Some kind of waitressing job was held somewhere in Ho Chi Min city. The Malay makan she knew. Phuong had been to Singapore numerous times. She was staying with a friend in the Malay quarter of Joo Chiat. Thirty day visas was the arrangement for the Viet girls. The pattern seemed to be a month here and then two back home.
Makan, with the usual gesture of the three fingers brought to the mouth that the old Chinese without English waiting on the tables of the food stalls used for foreigners.
Following the fingers-to-mouth, Phuong's hand went out roundabout, doling out the plates. Waitressing seemed to cover it. Not cooking and certainly not running an eatery of her own. Were that the case no need for the regular Sing resort.
Yet Phuong had visited Hanoi. The airfare to Hanoi seemed to be the equivalent of that to Singapore. Phuong had not visited Hanoi for work, no. Pointing to her eyes and taking the sight outward. Touring her own country. Constrained as Phuong's circumstances were, domestic tourism was still within reach.
What she thought of America could not be conveyed. A number of times the attempted enquiry had been trialled. No doubt Phuong had never been asked that question before. Did the common people truly forgive the Americans, as claimed by various sources? After all the devastation? All that unspeakable devastation that still produced victims two generations later? How was that possible? How much credence could one give it?
The Montenegrins still retained a powerful abhorrence of the Turks more than ten generations later. Difficult as it is to comprehend for those unfamiliar with foreign domination and all it brought.

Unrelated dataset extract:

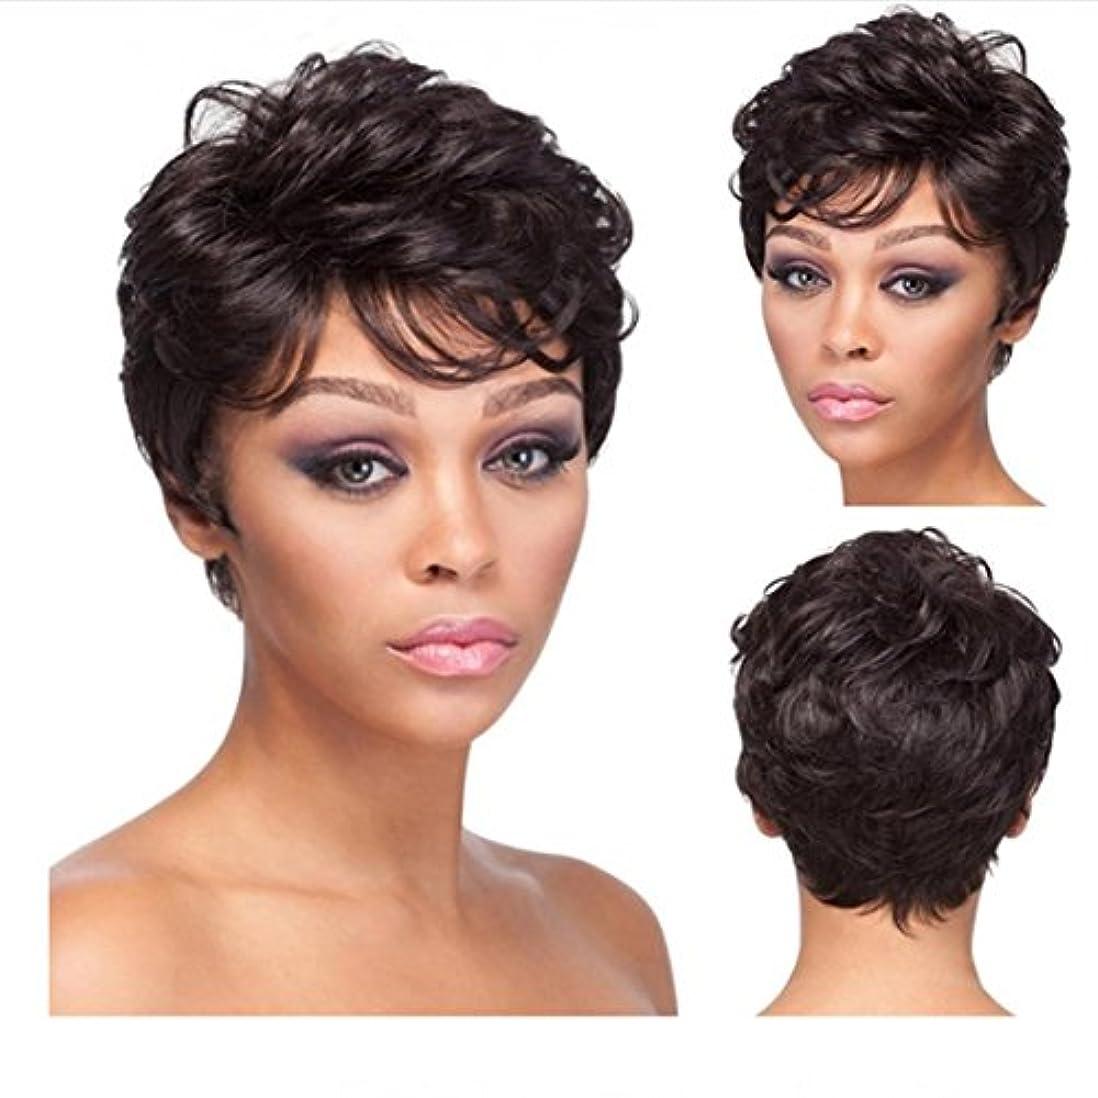 マイク減少見捨てるJIANFU 女性のための現実的なかつら短くふわふわしたマイクロボリュームのウィッグ斜めのバグスとの日常のかつらのための髪の耐熱ウィッグ20cm / 160g(茶色の黒) (Color : Brownish black)

Both Phuong's parents were dead. Death in English she knew.
Died, died. The hand up into the air denoting vanishing.
At thirty-eight herself, the war was an unlikely cause.
The young son of Phuong’s was looked after back home during her absences by someone we couldn't establish. The father it was not, nor siblings seemingly. Five fingers one hand and three the other: the boy was eight. For other, larger order numbering we used pen and paper. Accommodation immediately offered in HoChiMin. On arrival Phuong should be telephoned. No money, no money.